Propose a resolution
When all of the data is on the table, offer a resolution. Don't propose what you walked in the door with, but use the information you gathered during your conversation to come up with a better solution. Say to your coworker, "You've said A, and I've said B, perhaps we can consider solution C." "Don't assume a combative stance," says White. If he isn't happy with the solution you've put out there, engage him in a problem-solving process to come up with a result you can both live with.
When it goes badly...
Even with a well thought-out approach, some disagreements turn ugly. "Most often these conversations turn into battles when it gets personal," says White. If your exchange becomes heated, bring the conversation back to your shared interests or goals. Re-focus the dialogue on the future. "You can't resolve a battle over a problem that has already happened, but you can set a course going forward," says White.

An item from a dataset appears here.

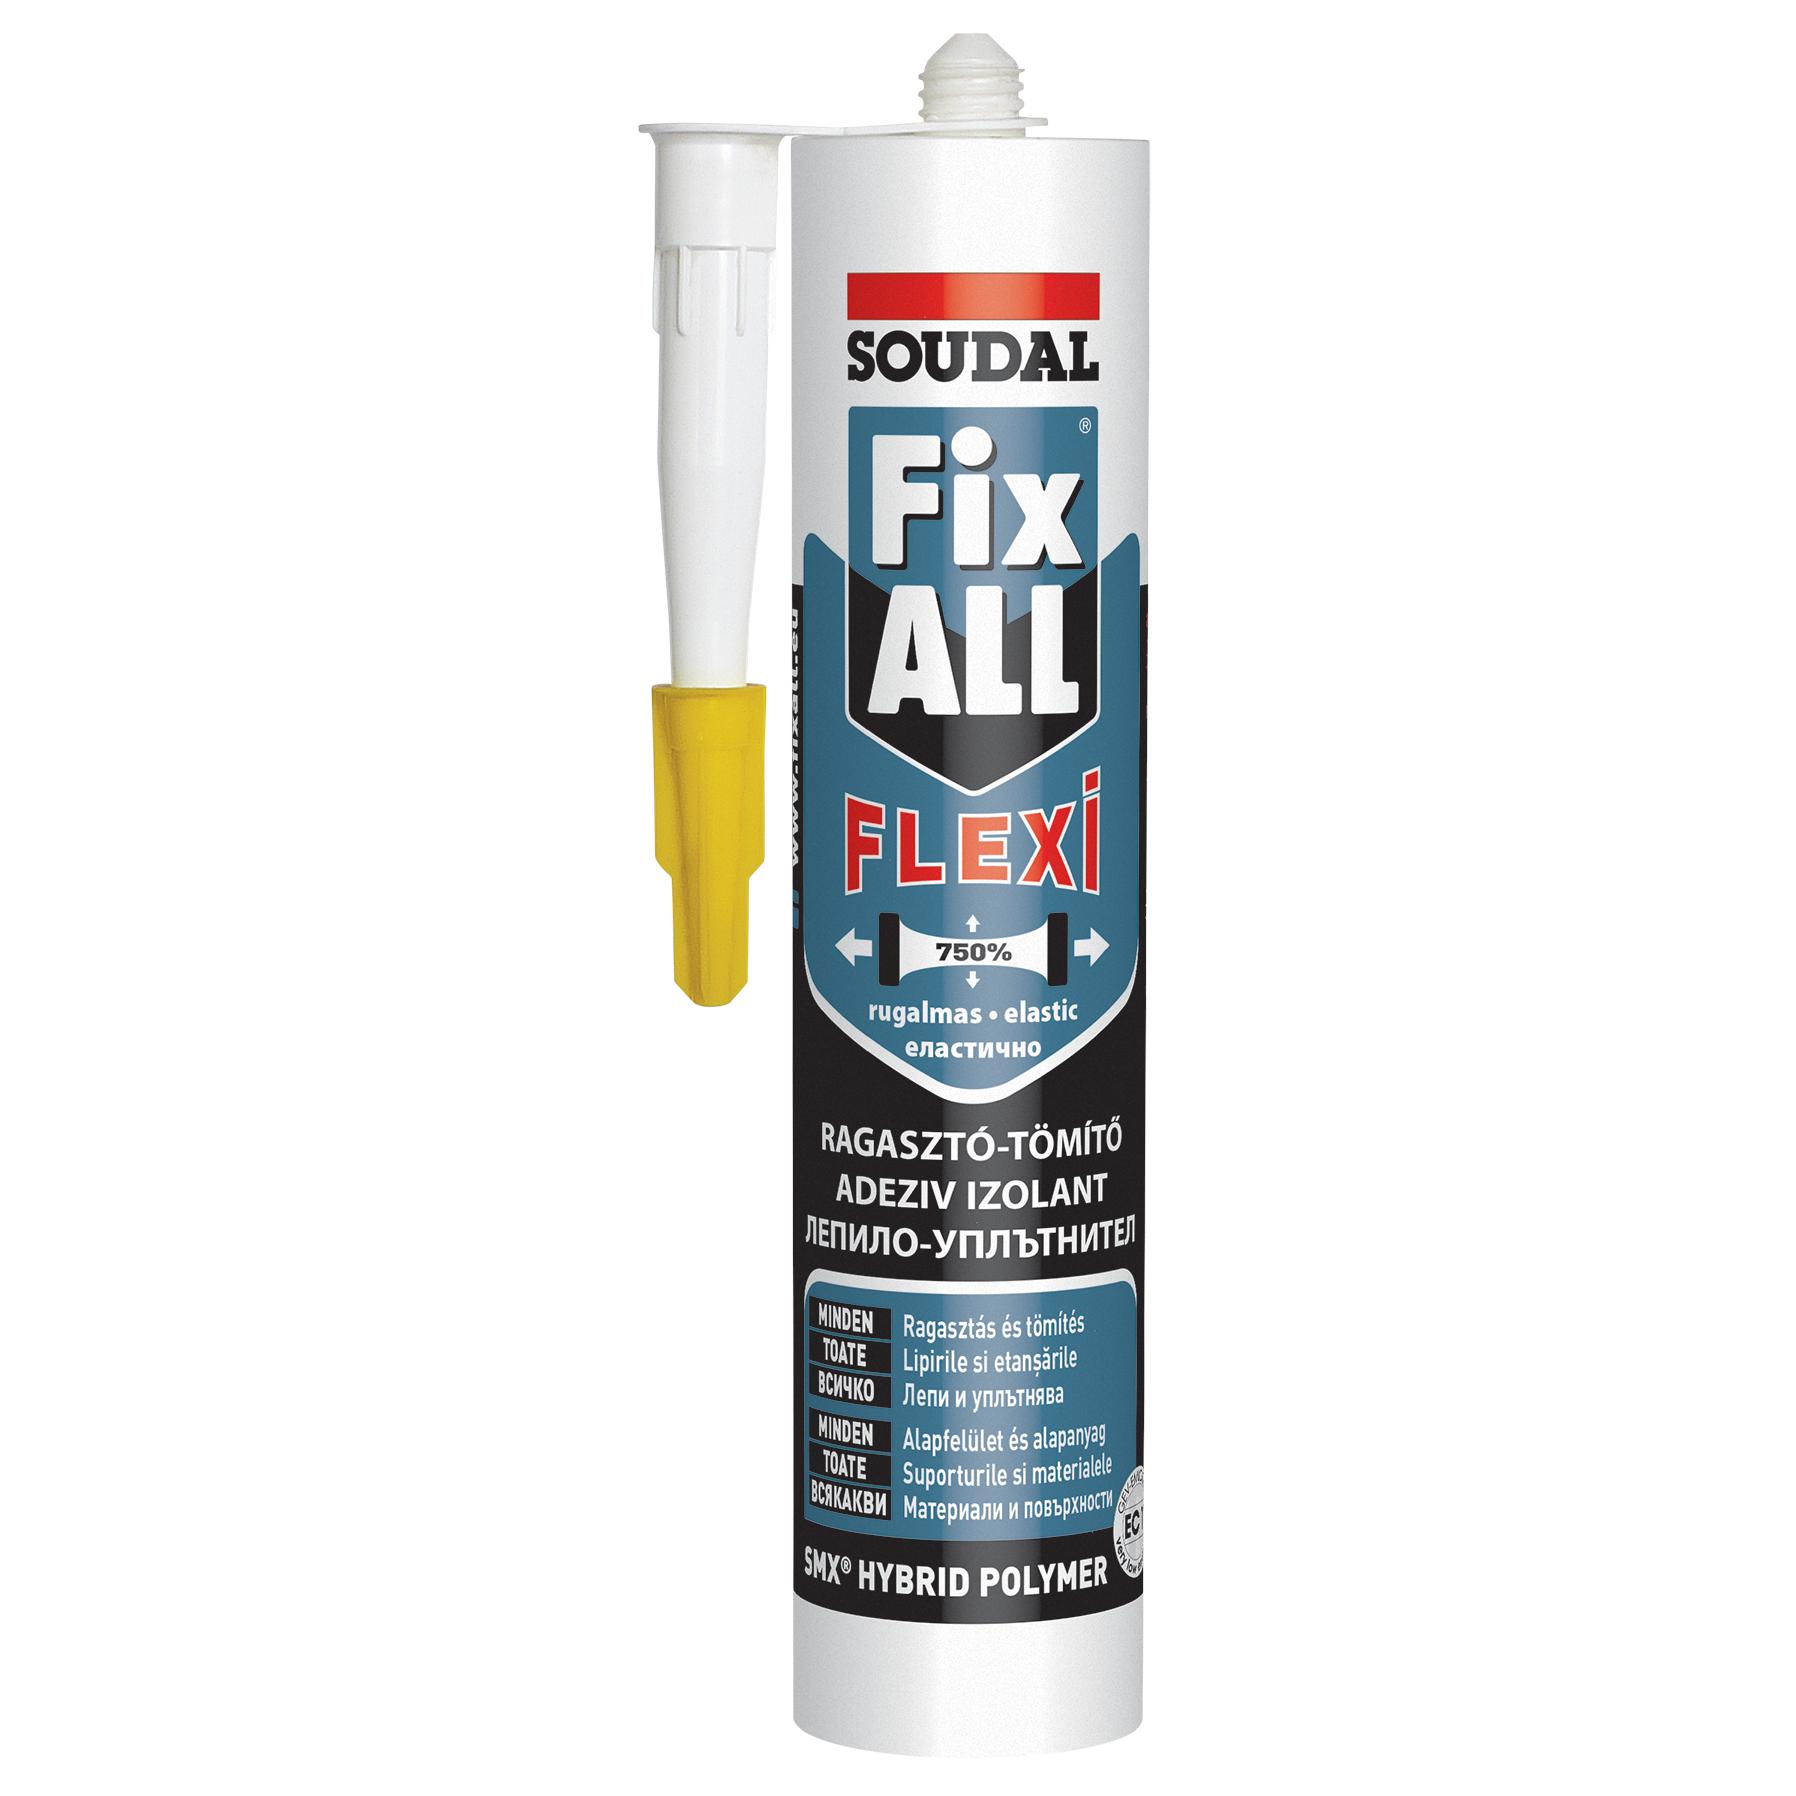 Adeziv Soudal Fix All Flexi, maro, 290 ml

If your coworker is antagonistic or aggressive, it may be best to take a break from the conservation. You can either literally step out of the room or pause mentally pause to observe the course of the conversation. This "outsider" observation can help you gain perspective on what's really going on. You may also try changing the process: step up to the white board, take out a piece of paper to brainstorm, or even offer to continue the discussion over drinks or dinner. This can help to alter the dynamic that's developed between you. If all else fails, withdraw and find a third person to mediate.
Principles to Remember
- Focus on shared goals and interests
- Understand the nature of your disagreement before meeting with your coworker
- Remain open to persuasion
- Assume you fully understand your colleague's perspective
- Try to solve a disagreement over email
- Stop your coworker from venting his frustrations
Case Study: Reframing the disagreement as an agreement
Andrew Lund is a professor of film and media at Hunter College in New York. His department, like all departments at Hunter, is assessed by an external reviewer every eight years to help the university allocate resources. Last year, the department received a glowing evaluation. However, the reviewers said in their report that film and media's graduate program was taking valuable resources away from its undergraduate program.

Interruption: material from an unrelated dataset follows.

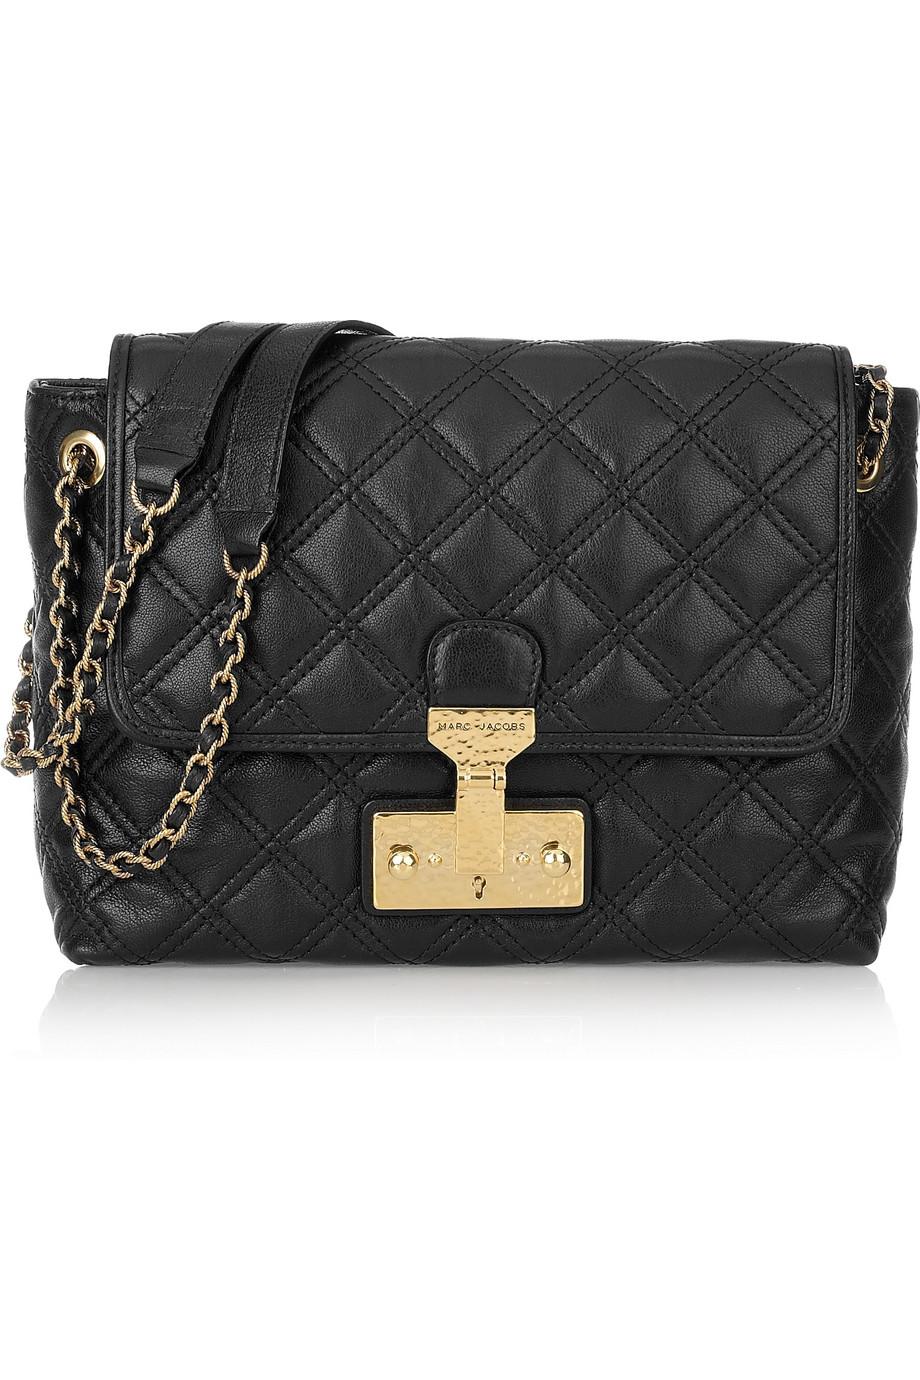 Lyst Marc Jacobs Baroque Single Leather Shoulder Bag In

Andrew and his colleagues knew that this would upset graduate program professors. Before long, they began to hear rumors that these colleagues were planning to repeal the report. Simon (not his real name), one of Andrew's coworkers, a leader in the film and media department, felt that the group should remain silent on the issue, neither endorsing nor distancing themselves from the report. According to Simon, they weren't responsible for what went into it especially since no one in film and media had expressed that opinion during the review process.
Andrew believed that remaining silent would only infuriate the graduate program professors. "The only thing it would do is create suspicion and competition between colleagues," he said. With a faculty meeting looming, he knew he had to resolve the conflict between him and Simon and align the department. After listening to Simon's view, he told him that they both wanted the same thing: funding for the department and a good working relationship with all their colleagues. He said he believed that their disagreement was procedural more than anything. Andrew explained that speaking up would show support for graduate program faculty and put film and media in a position to dictate further funding terms.
He proposed that they make a motion at the beginning of the faculty meeting to rescind the section of the report without taking accountability for it. After hearing Andrew out, Simon agreed to go on record that the review didn't reflect the department's views. "Not only did we solve the conflict, we won goodwill," Andrew said. "It was a triumphant moment for our faculty."